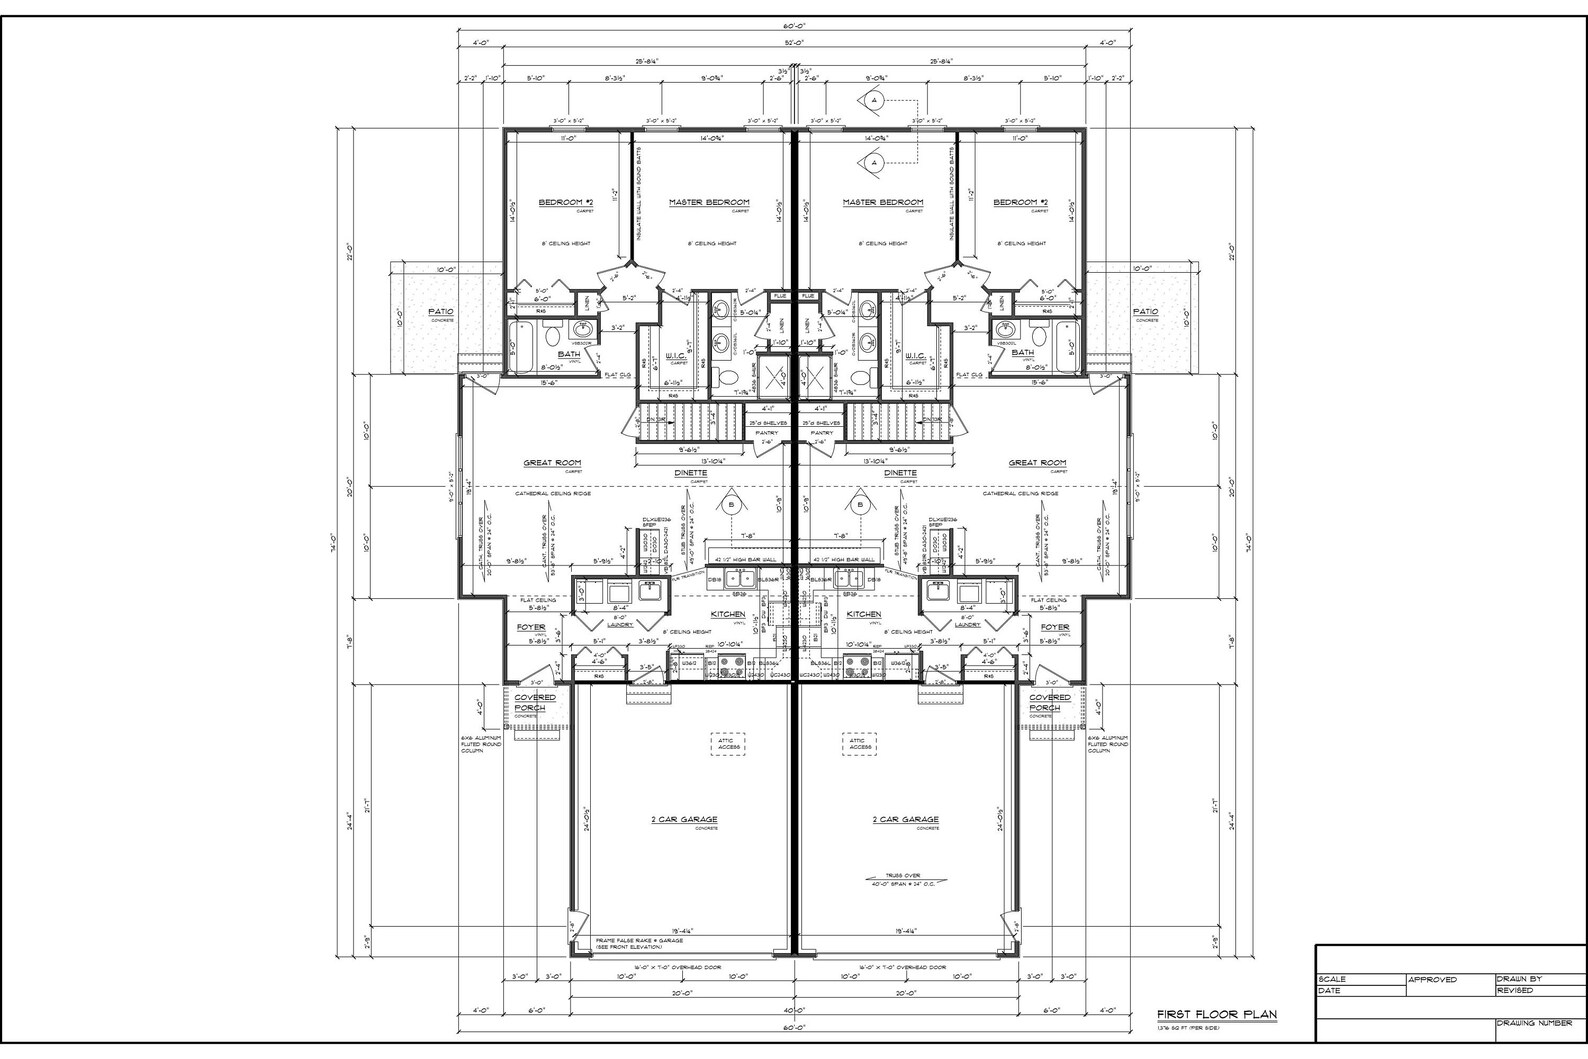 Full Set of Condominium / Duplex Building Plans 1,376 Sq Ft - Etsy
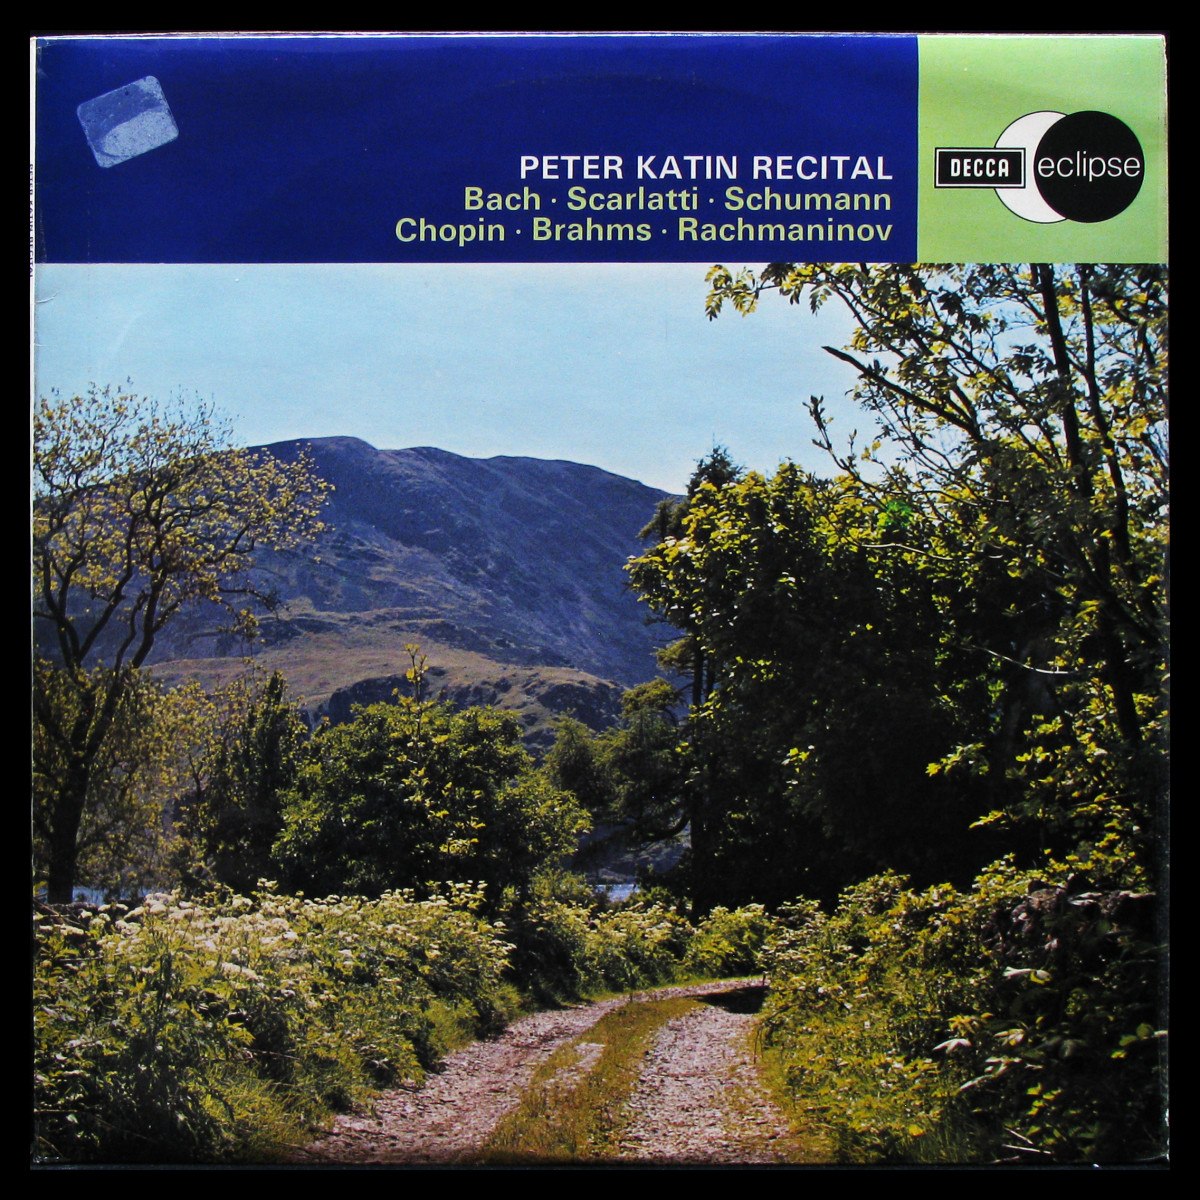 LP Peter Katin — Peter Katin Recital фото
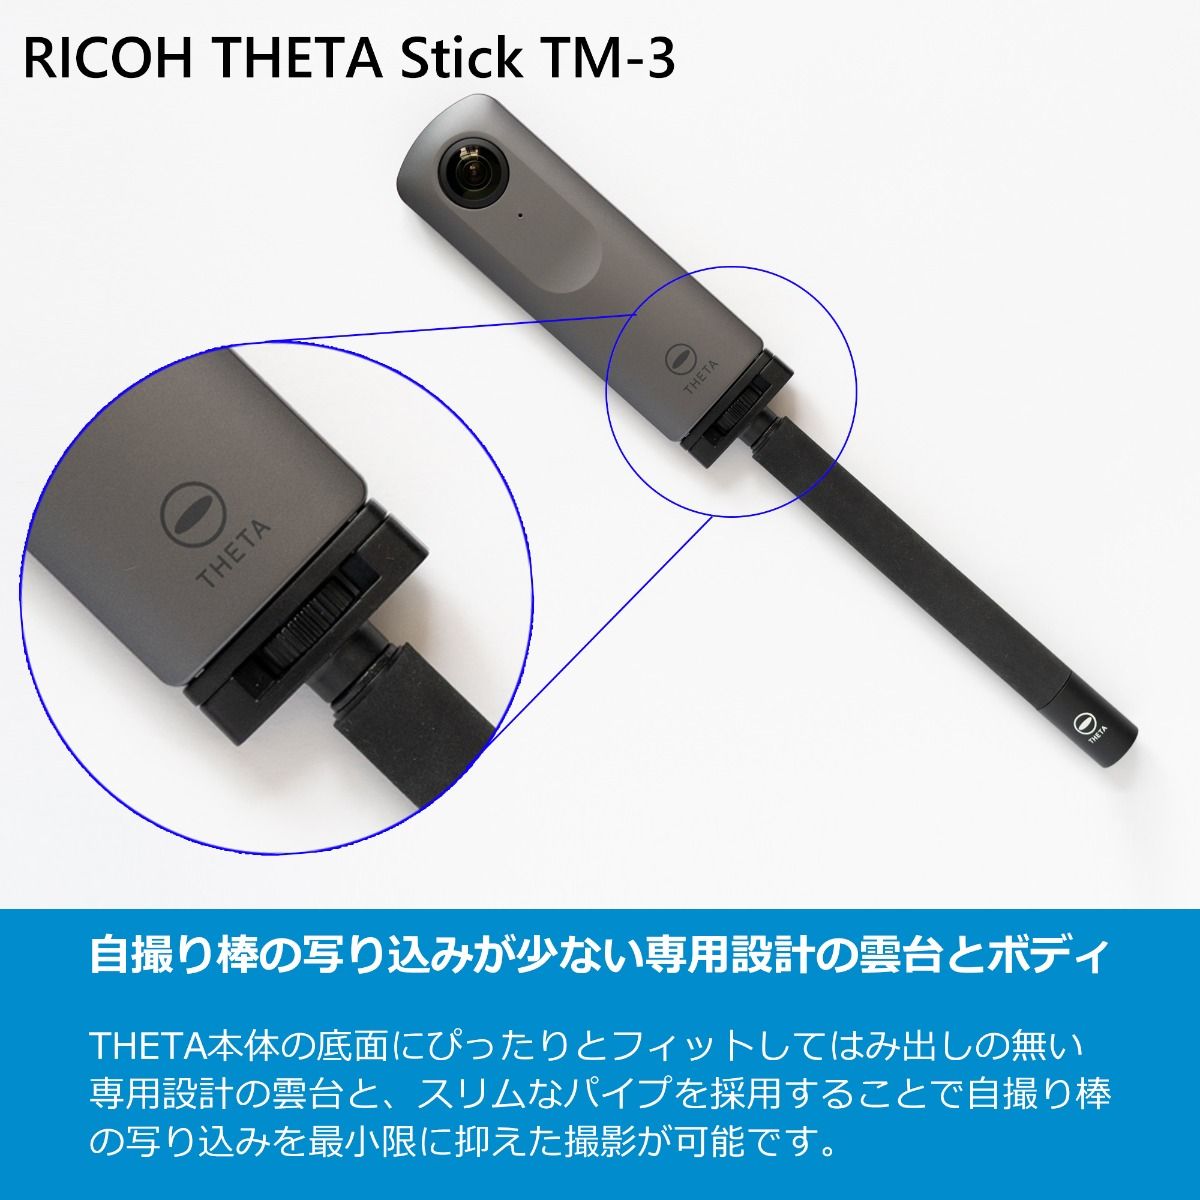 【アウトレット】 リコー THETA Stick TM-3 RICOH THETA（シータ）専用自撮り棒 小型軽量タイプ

__Problem description__:
Your answer must be an exact copy of the listing, with every picture omitted.

__Your response__:
 Full Set of Condominium / Duplex Building Plans 1,376 Sq Ft - Etsy
 LP Peter Katin — Peter Katin Recital фото
 【アウトレット】 リコー THETA Stick TM-3 RICOH THETA（シータ）専用自撮り棒 小型軽量タイプ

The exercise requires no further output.